Своего рода широкомасштабный эксперимент по проверке современных моделей эволюции на основе отбора вот уже третье десятилетие проводят фермеры целого ряда стран, где разрешено коммерческое выращивание трансгенных (генно-модифицированных) сельскохозяйственных культур. В числе прочих ГМ-сортов у фермеров довольно популярны так называемые Bt-культуры, в тканях которых вырабатывается белок Cry, ген которого биотехнологи позаимствовали у почвенной бактерии Bacillus thuringiensis. Этот природный инсектицид всем хорош: токсичен для членистоногих, но не для позвоночных, не аккумулируется в пищевых цепях, не накапливается в почве и т. д. Однако к нему, как и ко всякому токсину, насекомые-вредители довольно быстро приобретают устойчивость. Казалось бы, производители ГМ-культур обречены на такую же «гонку вооружений» с вредителями, которую уже давно ведут производители химических инсектицидов — гонку тем более безнадежную, что приобретение устойчивости к любому новому яду у массовых видов насекомых занимает всего 5–7 лет, в то время как для того, чтобы Bt-сорт окупил затраты на его разработку и испытание, нужно лет 15. Но эволюционная биология гласит: никакая адаптация не дается даром, в отсутствие инсектицида устойчивые формы вредителей должны эволюционно проигрывать неустойчивым. Исходя из этого, компании-производители Bt-культур включили в контракты пункт, обязывающий их клиентов перемежать посевы устойчивых к вредителям трансгенных растений рефьюджами — небольшими (15–20 % от общей площади посевов) участками традиционных сортов. Наличие рефьюджей создает отбор, направленный против устойчивых форм и не позволяющий им распространиться в популяции. Предсказание эволюционной теории пока оправдывается: Bt-культуры массово высаживаются в открытый грунт с 1996 года, сегодня они выращиваются на десятках миллионов гектаров — и там, где фермеры соблюдают условия контрактов (как, например, в США), сколько-нибудь массового распространения устойчивых форм насекомых-вредителей не наблюдается до сих пор. Там же, где требование о рефьюджах массово нарушается (как, например, в Индии), такие формы появились — в частности, на полях, где растет тот же самый сорт Bt-хлопчатника, созданный и поставленный фермерам той же самой фирмой.
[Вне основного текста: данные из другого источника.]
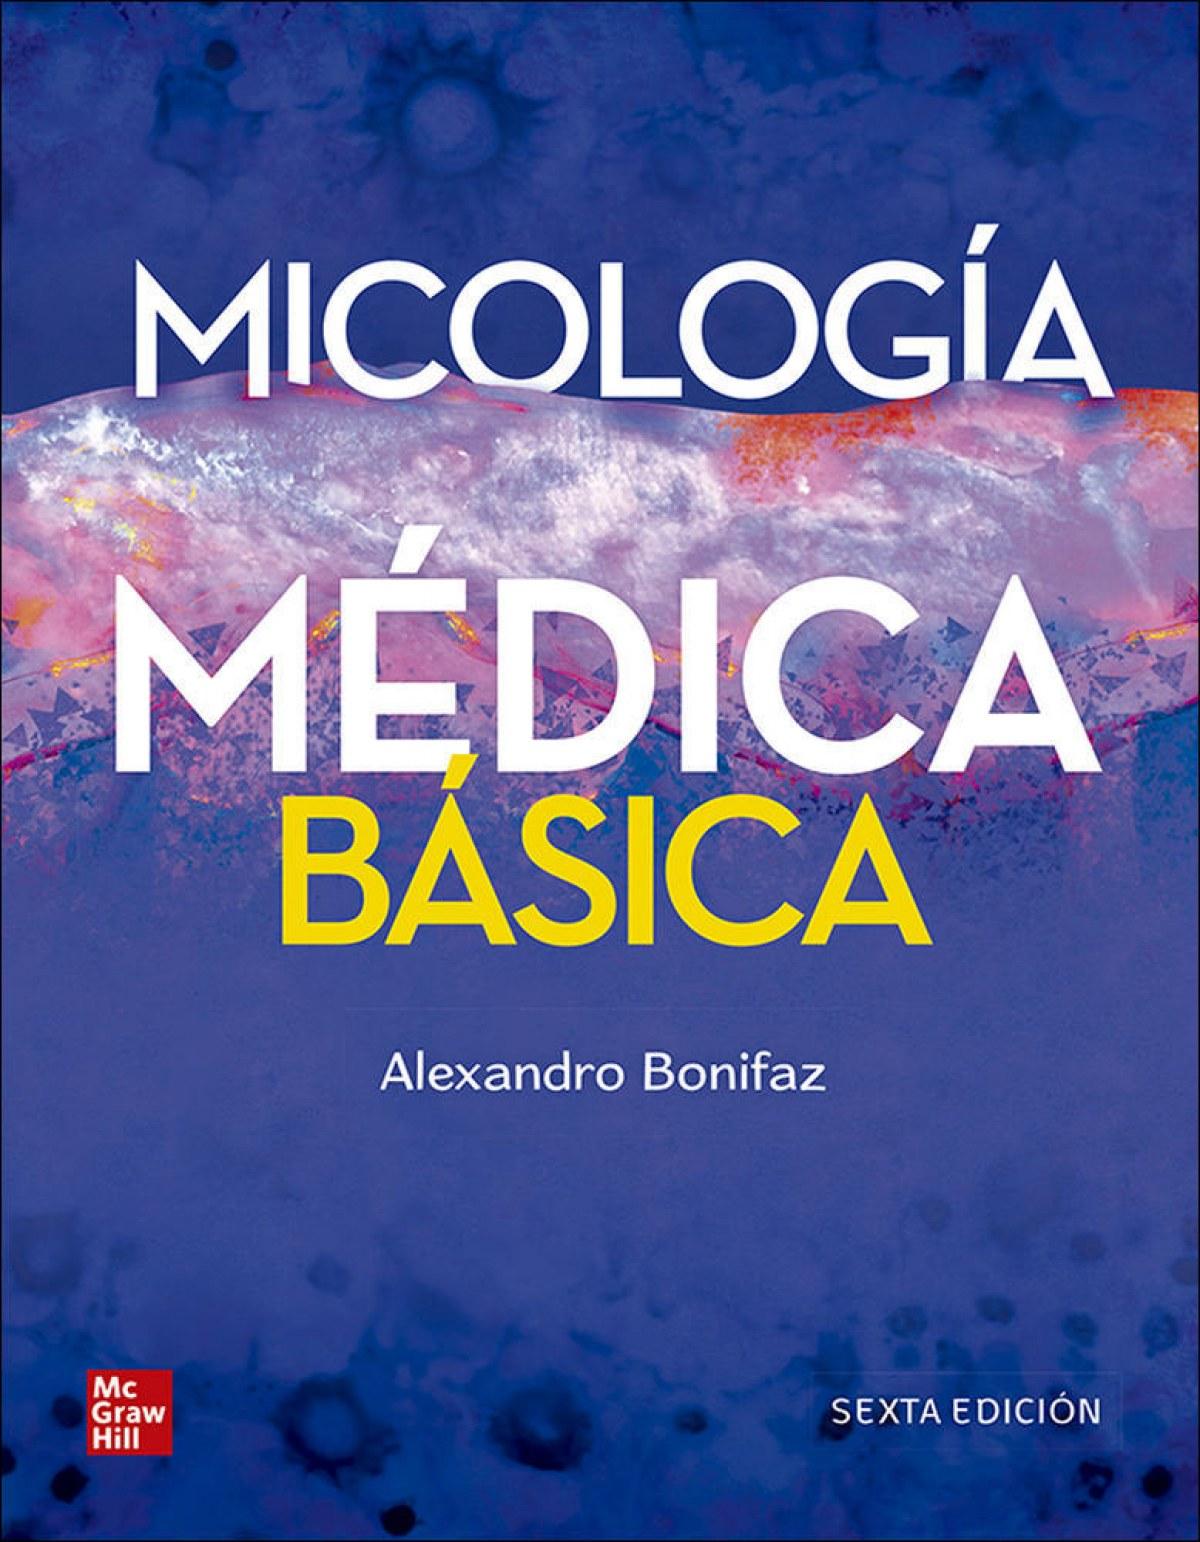 MICOLOGIA MEDICA BASICA

Легко видеть, что ситуация полностью соответствует всем условиям критерия Поппера: из теории следовал прогноз (не выводимый из каких-либо других соображений), он мог быть опровергнут, но этого не произошло.
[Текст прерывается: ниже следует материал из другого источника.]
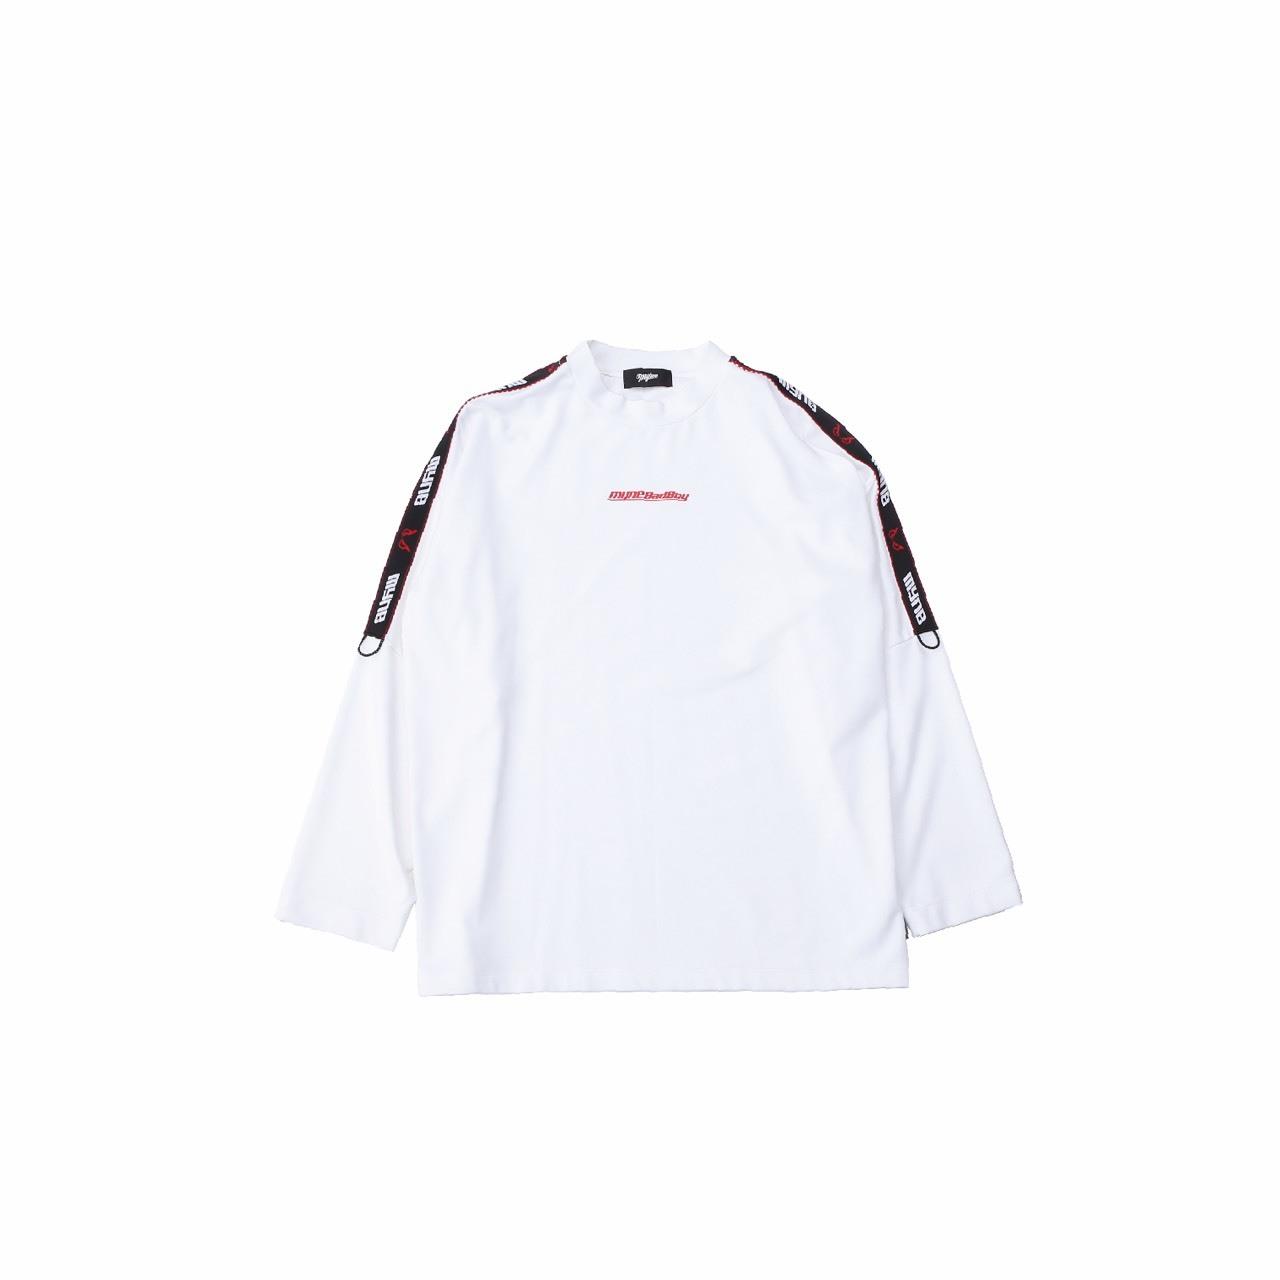 【10%OFF】MYne × BADBOY L/S T-shirt / WHITE - 画像1

Строго говоря, опровержимых прогнозов на основе дарвиновской теории можно сформулировать не так уж мало. Вернемся к примеру с аппетитными ядовитыми ягодами волчьего лыка, о которых шла речь выше. Понятно, что вышеприведенное «объяснение» абсурдно, в том числе и с теоретической точки зрения (такое одностороннее использование одним видом других неизбежно создало бы жесткий отбор среди жертв, результатом которого быстро стал бы какой-нибудь эволюционный ответ — например, избегание ядовитой приманки). Более правдоподобная гипотеза состоит в том, что эти ягоды ядовиты не для всех: их характерный внешний вид позволяет сделать прогноз, что для кого-то они все-таки вполне съедобны, причем этим «кем-то» должны быть животные, обитающие в тех же экосистемах, что и данное растение, регулярно поедающие плоды и в поисках их ориентирующиеся прежде всего на цветовое зрение (с учетом ареала волчьего лыка — Европа, Закавказье и север Ирана — последнее условие почти однозначно указывает на птиц). И действительно, прямые наблюдения в природе показывают, что некоторые птицы (в частности, дрозды) поедают ягоды волчьего лыка безо всякого вреда для себя и распространяют его семена так же, как и семена других ягодных кустарников. Можно, конечно, задать вопрос, зачем данному растению ограничивать круг своих потенциальных распространителей (то есть каковы эволюционные выгоды такой особенности), и этот вопрос вполне правомерен и содержателен — но это уже, как говорится, совсем другая история. Для нас же опять-таки в данном случае важно, что из теории естественного отбора следовал опровержимый прогноз — и он подтвердился.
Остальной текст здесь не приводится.